I have samples of individuals from various areas in South and Central America (12 samples, so 12 locations). Each sample has a different number of individuals with a measurement assigned to them. Each sample also has somewhere between 4-40 individuals. So there are coincident data at each location.
I would like to see if there is spatial autocorrelation (clustering/dispersion) among the samples taking into account this measurement. I am using the Spatial Autocorrelation Moran's 1 tool. Having done something similar to this before, I felt each location could only have one value. In the past (using geostatistical analyst), it would just average the values at each location. So I went ahead and did that myself. Thus I had 12 locations, each with one data point. I ran the spatial autocorrelation tool, and there was nothing significant.

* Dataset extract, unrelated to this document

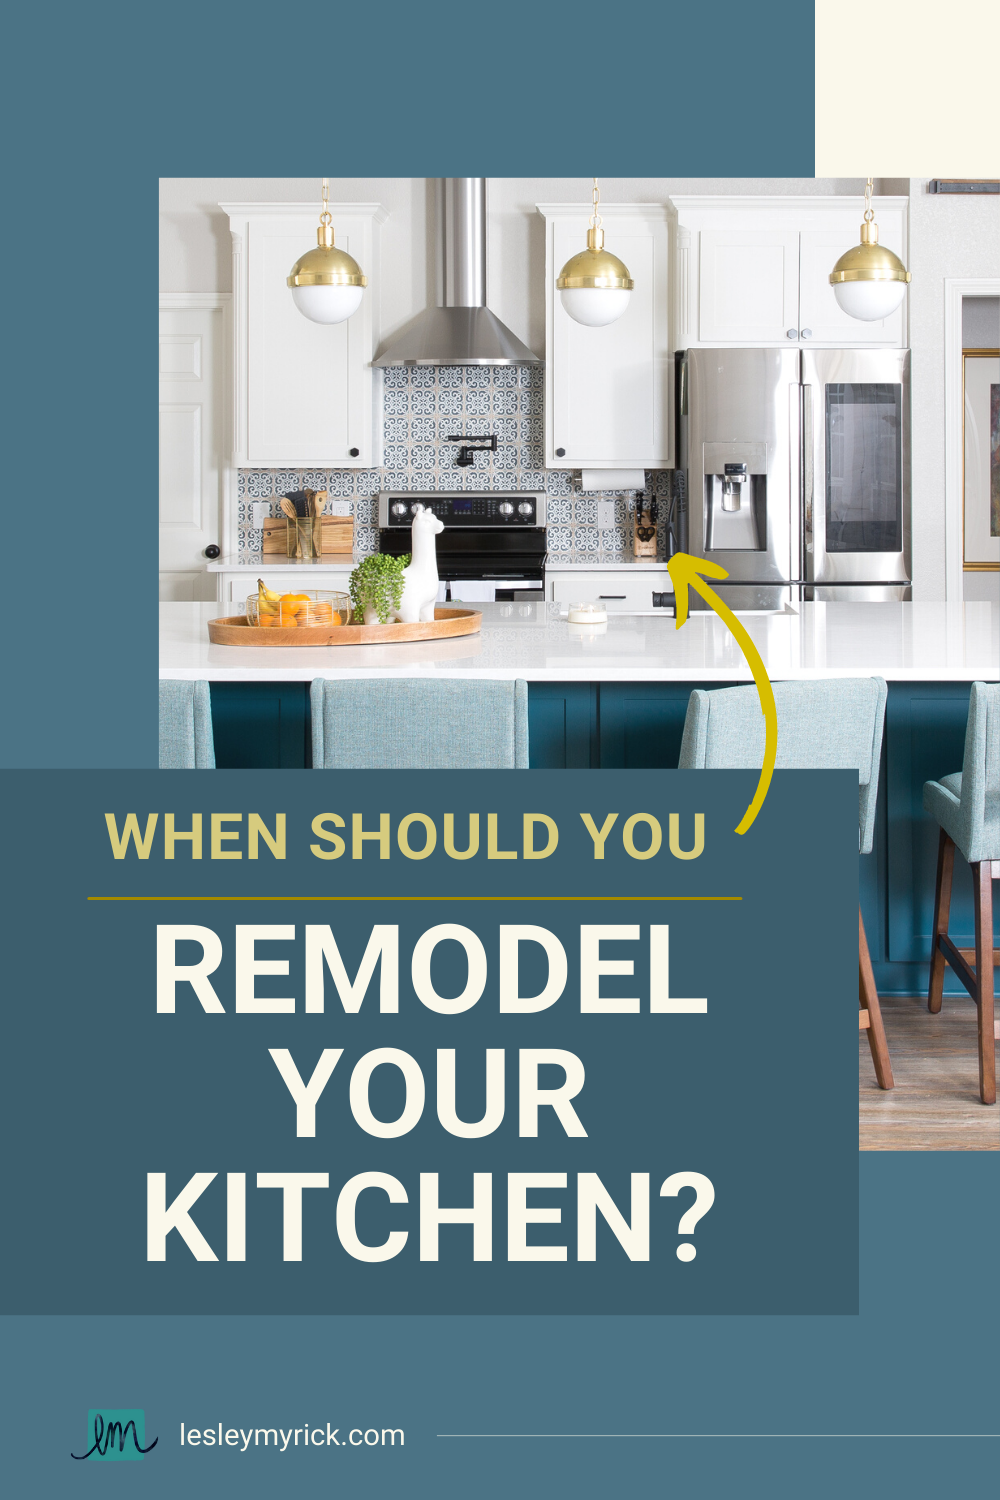 When should you remodel your kitchen? Interior designer Lesley Myrick has 5 tips.

I am doing it again without averaging the samples. Thus each location as between 4-40 data points. After running the tool again, it finds significant clustering. However, if there are 12 locations with a ton of data points, I feel this is due to sampleing bias. Is that right?

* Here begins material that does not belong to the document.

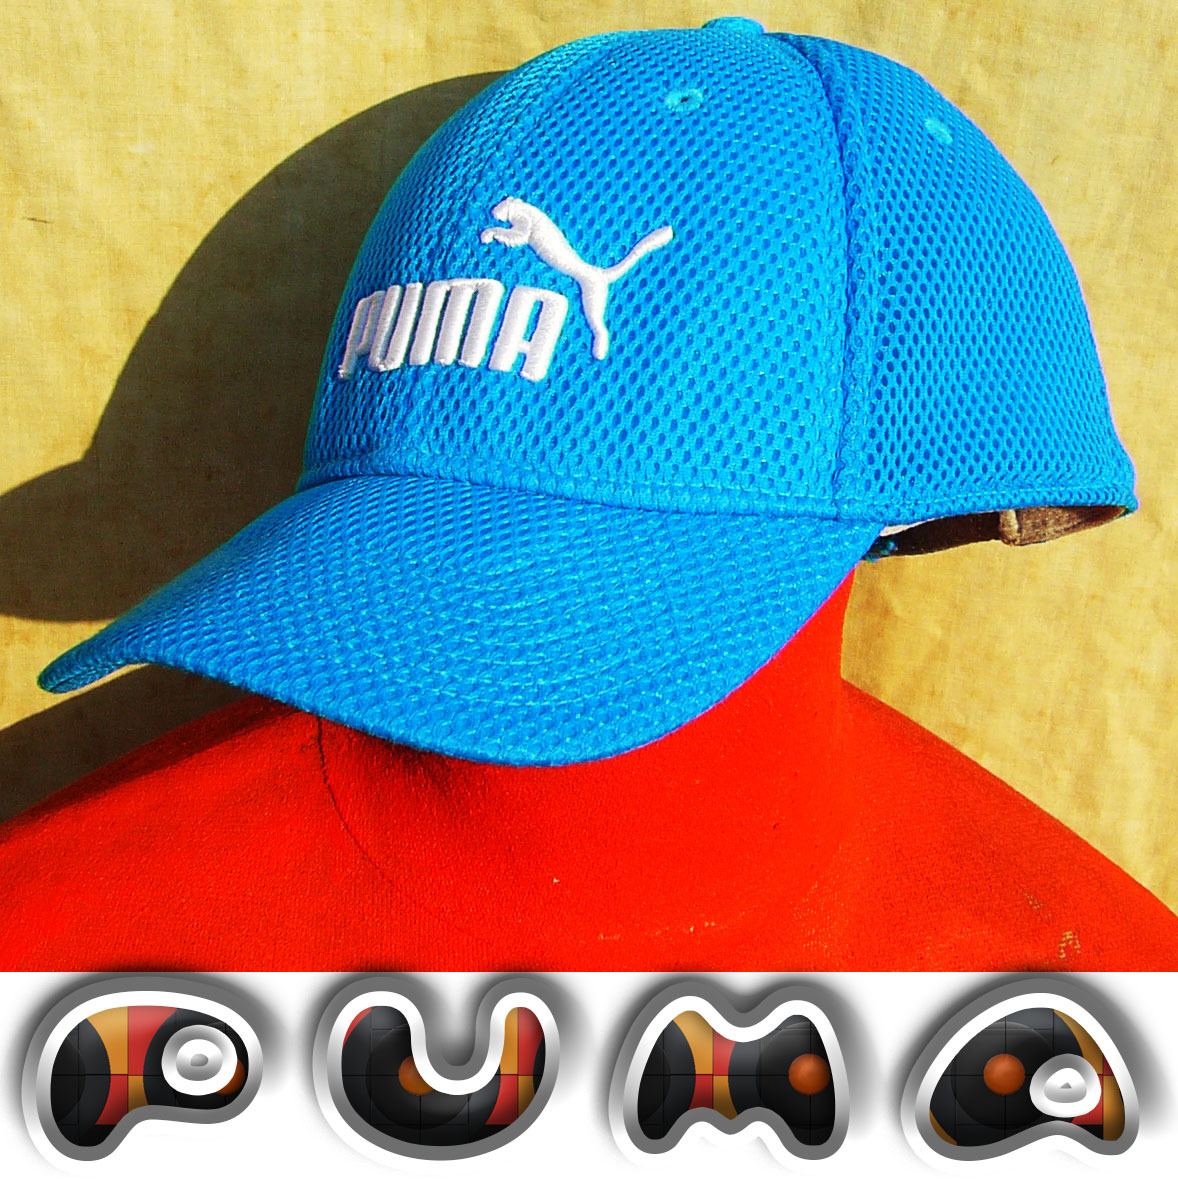  быстрое решение #PUMA# Sky голубой - .. нет ... зонт только. cap## б/у одежда

Any suggestions on the best way to do this?
from the help Spatial Autocorrelation (Global Moran's I)—Help | ArcGIS for Desktop
this Optimized Hot Spot Analysis—Help | ArcGIS for Desktop would be worth looking at as well,
Since you have multiple people ascribed to a polygon, one does have to consider how applicable the polygon boundaries are
It is actually point data. I read each observation in with a lat and long coord. So there is a couple points on top of eachother in each of the 12 locations. There are a total of 255 points. I suppose the hotspot analysis would idenfity clusters if there were any. I will give that a try and see what results suggest.